In more involved cases even richer AST transformations are called for. For example, with ExActor you can write this code:

1
defcast inc(x), state: state, do: new_state(state + x)

which translates to roughly the following:

1
2
3
4
5
6
7
def inc(pid, x) do
  :gen_server.cast(pid, {:inc, x})
end

def handle_cast({:inc, x}, state) do
  {:noreply, state+x}
end


Just like assert, the defcast macro needs to dive into the input AST fragment and detect individual sub-fragments (e.g. function name, individual arguments). Then, ExActor performs an elaborate transformation, reassembling this sub-parts into a more complex code.

Today, I'm going to show you some basic techniques of building such macros, and I'll continue with more complex transformations in subsequent articles. But before doing this, I should advise you to carefully consider whether your code needs to be based on macros. Though very powerful, macros have some downsides.

First, as you'll see in this series, the code can quickly become much more involved than "plain" run-time abstractions. You can quickly end up doing many nested quote/unquote calls and weird pattern matches that rely on undocumented format of the AST.

In addition, proliferation of macros may make your client code extremly cryptic, since it will rely on custom, non-standard idioms (such as defcast from ExActor). It can become harder to reason about the code, and understand what exactly happens underneath.

On the plus side, macros can be very helpful when removing boilerplate (as hopefully ExActor example demonstrated), and have the power of accessing information that is not available at run-time (as you should see from the assert example). Finally, since they run during compilation, macros make it possible to optimize some code by moving calculations to compile-time.

So there will definitely be cases that are suited for macros, and you shouldn't be afraid of using them. However, you shouldn't choose macros only to gain some cute DSL-ish syntax. Before reaching for macros, you should consider whether your problem can be solved efficiently in run-time, relying on "standard" language abstractions such as functions, modules, and protocols.

Discovering the AST structure

At the moment of writing this there is very little documentation on the AST structure. However, it's easy to explore and play with AST in the shell session, and this is how I usually discover the AST format.

For example, here's how a quoted reference to a variable looks like:

1
2
iex(1)> quote do my_var end
{:my_var, [], Elixir}

Here, the first element represents the name of the variable. The second element is a context keyword list that contains some metadata specific for this particular AST fragment (e.g. imports and aliases). Most often you won't be interested in context data. The third element usually represents the module where the quoting happened, and is used to ensure hygiene of quoted variables. If this element is nil then the identifier is not hygienic.

A simple expression looks a bit more involved:

1
2
iex(2)> quote do a+b end
{:+, [context: Elixir, import: Kernel], [{:a, [], Elixir}, {:b, [], Elixir}]}

This might look scary, but it's reasonably easy to understand if I show you the higher-level pattern:

1
{:+, context, [ast_for_a, ast_for_b]}

In our example, ast_for_a and ast_for_b follow the shape of a variable reference you've seen earlier (e.g. {:a, [], Elixir}. More generally, quoted arguments can be arbitrary complex since they describe the expression of each argument. Essentially, AST is a deep nested structure of simple quoted expressions such as the ones I'm showing you here.

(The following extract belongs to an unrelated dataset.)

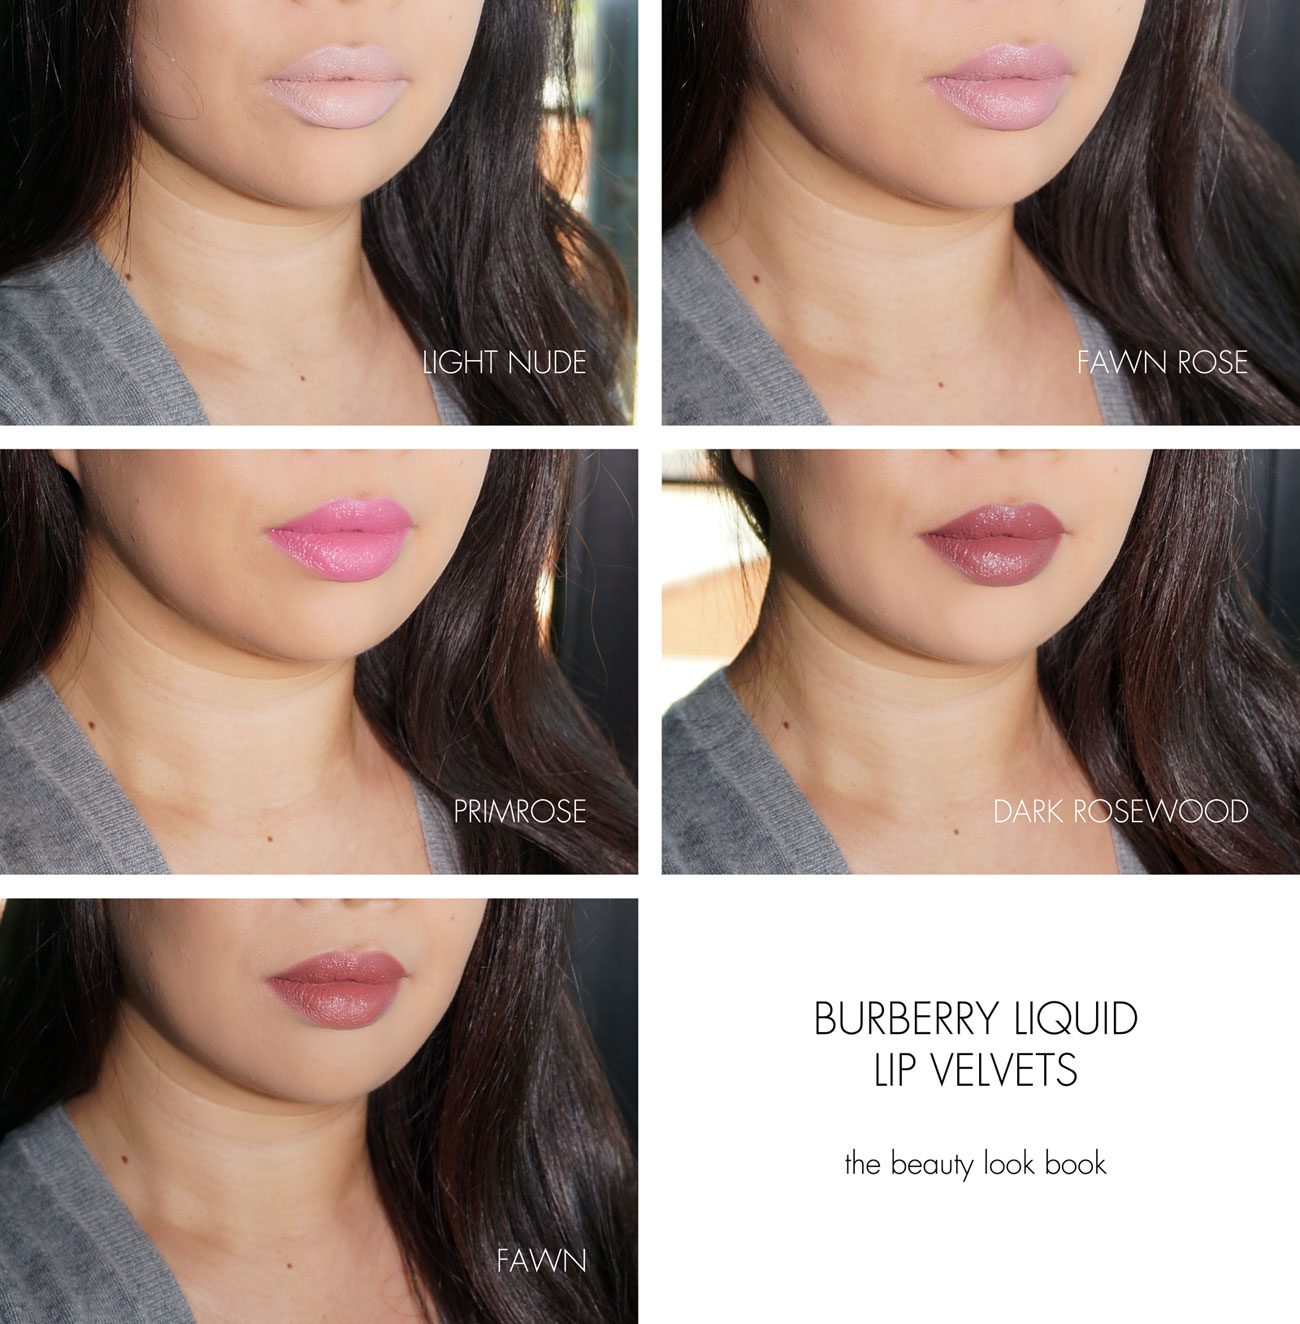 burberry liquid lip velvet review

Let's take a look at a function call:

1
2
iex(3)> quote do div(5,4) end
{:div, [context: Elixir, import: Kernel], [5, 4]}

This resembles the quoted + operation, which shouldn't come as a surprise knowing that + is actually a function. In fact, all binary operators will be quoted as function calls.

Finally, let's take a look at a quoted function definition:

1
2
3
4
iex(4)> quote do def my_fun(arg1, arg2), do: :ok end
{:def, [context: Elixir, import: Kernel],
 [{:my_fun, [context: Elixir], [{:arg1, [], Elixir}, {:arg2, [], Elixir}]},
  [do: :ok]]}

While this looks scary, it can be simplified by looking at important parts. Essentially, this deep structure amounts to:

1
{:def, context, [fun_call, [do: body]]}

with fun_call having the structure of a function call (which you've just seen).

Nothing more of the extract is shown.